The appellants pray that the appeal be allowed with costs and that the judgment a quo be set aside and substituted with an order dismissing the application with costs.
At the hearing of the appeal, counsel for the appellants moved an amendment to the relief sought, substituting the prayer for dismissal with one for remittal to the court a quo. Counsel for the first respondent had no difficulty with the prayer being substituted as amended. The prayer was accordingly amended, by consent, to provide for the remittal of the matter rather than the dismissal of the application a quo....,.
Prescription of Claims
Counsel for the appellants submits that the question of prescription is also one that raises issues requiring evidence.

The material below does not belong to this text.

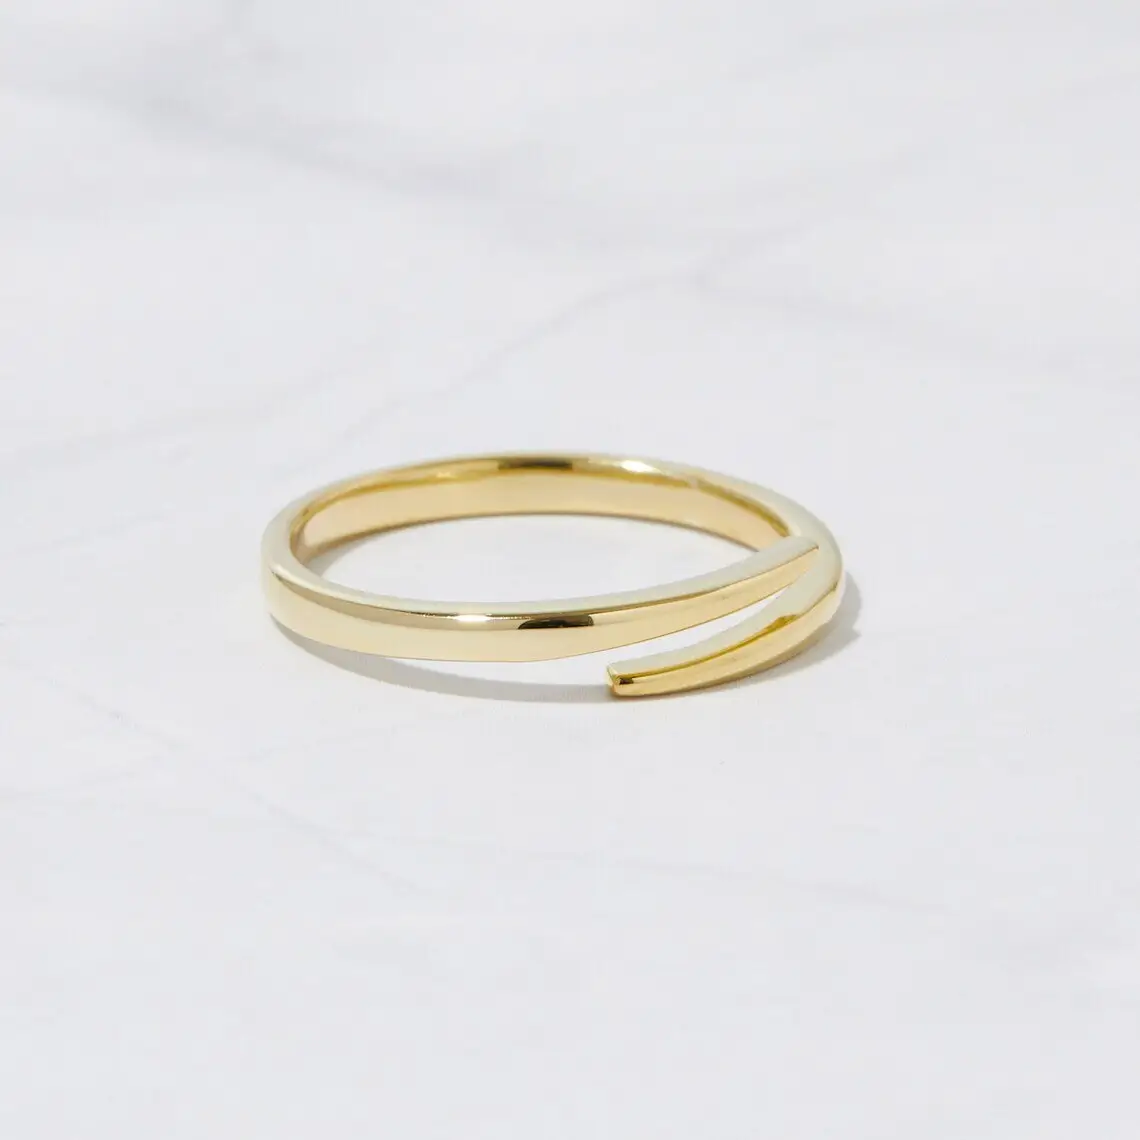 18k Gold Plated Dainty Minimalist Stacking Ring Minimalist Fashionable Snake Spiral Ring Perfect Gift For Women

The cause of action of each member of the first respondent would vary according to individual circumstances pertaining to questions of demand of performance and the placing of the first appellant in mora. There was, so he contends, no evidence on these issues in the proceedings a quo.
He further submits that the first respondent's members could have become aware of the alleged breaches upon exercising reasonable care within the contemplation of section 16(3) of the Prescription Act [Chapter 8:11].
This was also a factual issue requiring further evidence.
I note that, in motivating the prescription argument, counsel for the appellants appears to have side-stepped the stated grounds of appeal premised on the position that the claims in casu were prescribed, in terms of section 15(d) of the Prescription Act, three years after the first respondent's members had executed their own obligations to pay the purchase price in full.
In any event, counsel for the first respondent submits that there is no merit in the prescription argument.
All the pleadings, including the opposing affidavit of the second appellant, are clear that the contracts of sale do not stipulate any time frames for the completion of works by the first appellant. She further notes that the second appellant appears to equivocate as to the running of prescription.
It is trite that for prescription to commence running regard must be had to the date when the cause of action first arose. This ordinarily occurs when the claimant becomes aware of all the relevant facts grounding his or her claim. Additionally, the claimant must make a demand for performance placing the other party in mora: see Brooker v Mudonda SC05-18.
In casu, the first respondent wrote a letter, dated 12 March 2015, addressed to the appellants, bemoaning the lack of activity on their part and enquiring when they would attend to the servicing of the Stands in Phases 2 and 3.
The contents of this letter obviously served to place the appellants in mora.
The response from the appellants' lawyers, dated 20 April 2015, purported to raise various evidently disingenuous queries as to the current status of development at Knowe Suburb.
On 15 May 2015, the first respondent's lawyers replied to those queries, and, additionally, sought a commitment date from the appellants, failing which the first respondent would deem such conduct as an unwillingness to comply on the part of the appellants and proceed to enforce its rights in terms of the law.
In my view, it was at this stage that the first respondent's cause of action arose against the appellants.
The court a quo relied on this correspondence to find, quite correctly, that the first respondent's claim, having been instituted on 15 December 2017, had not prescribed.
In the premises, I am satisfied that the third and fourth grounds of appeal also lack merit and must therefore be dismissed.